[Task directions] In the listing beneath this line, copy exactly the lines starting with the one containing "LEAP7X By Liberty" and going on through the one containing "When crews arrived".

[Data provided]
****************************************

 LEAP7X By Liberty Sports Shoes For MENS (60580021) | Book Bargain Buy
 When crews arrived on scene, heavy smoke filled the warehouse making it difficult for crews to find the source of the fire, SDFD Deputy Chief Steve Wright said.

****************************************

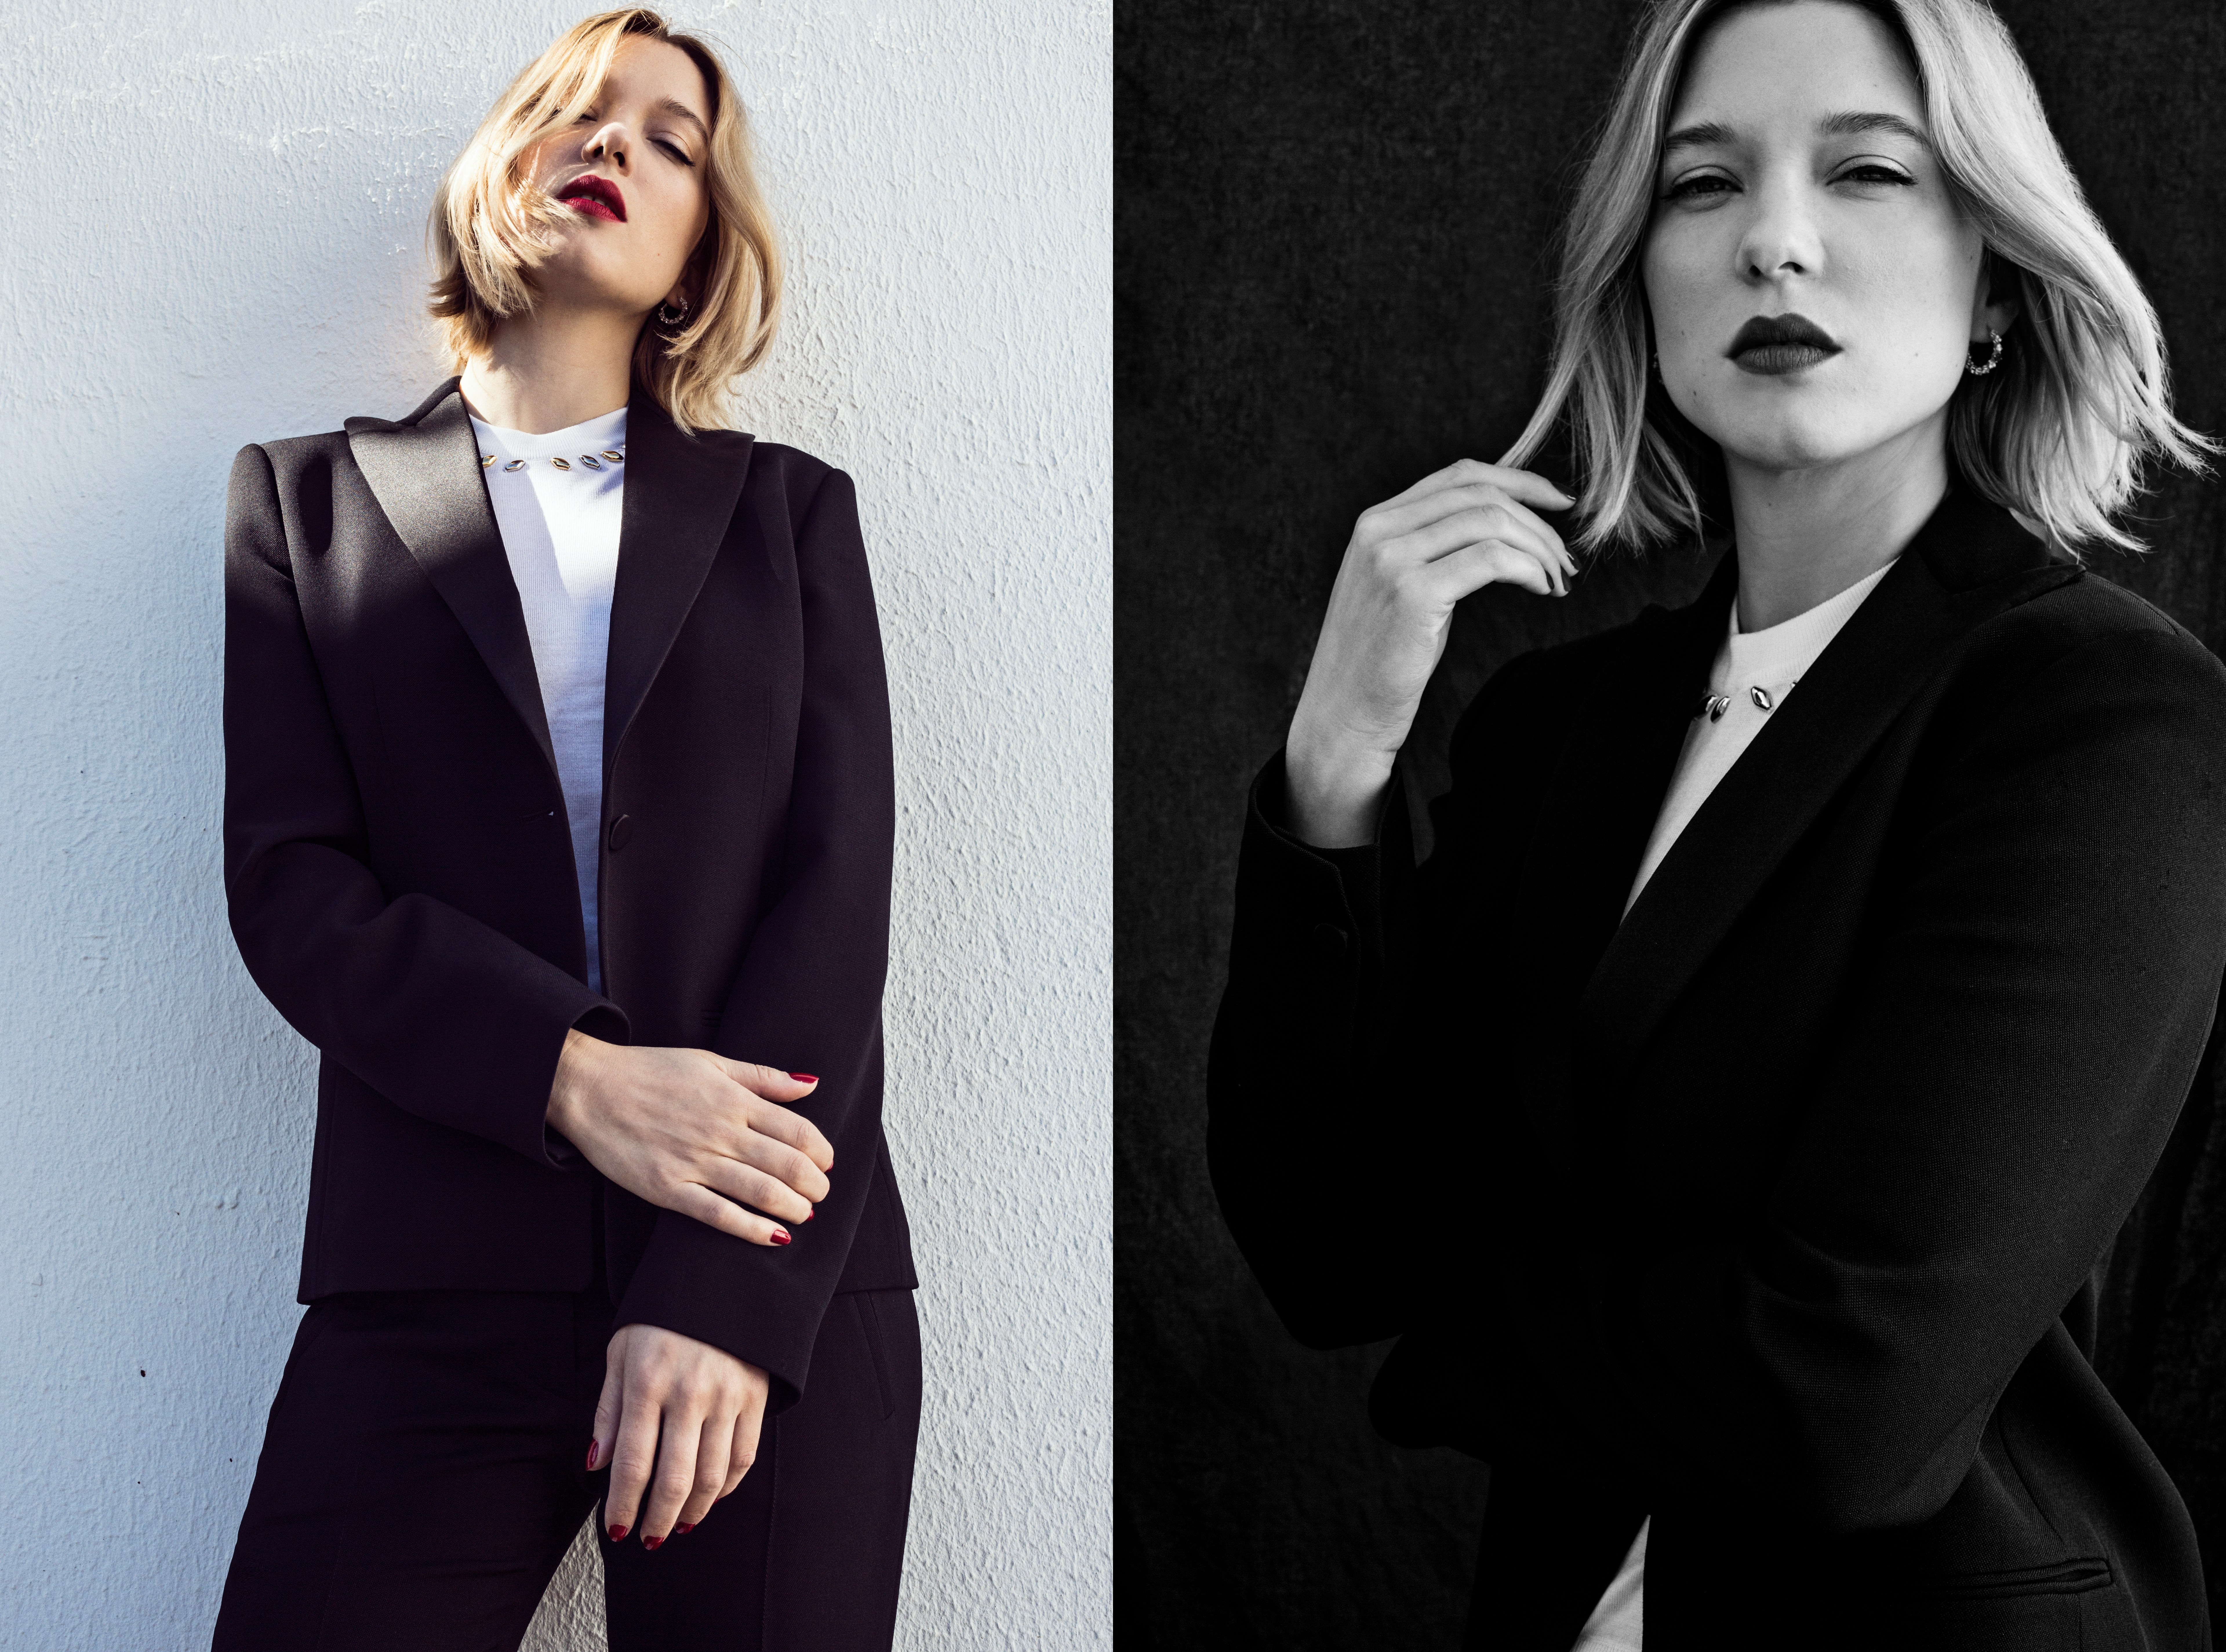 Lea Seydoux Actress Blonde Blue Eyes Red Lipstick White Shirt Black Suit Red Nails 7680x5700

****************************************

[Answer for the task]
 LEAP7X By Liberty Sports Shoes For MENS (60580021) | Book Bargain Buy
 When crews arrived on scene, heavy smoke filled the warehouse making it difficult for crews to find the source of the fire, SDFD Deputy Chief Steve Wright said.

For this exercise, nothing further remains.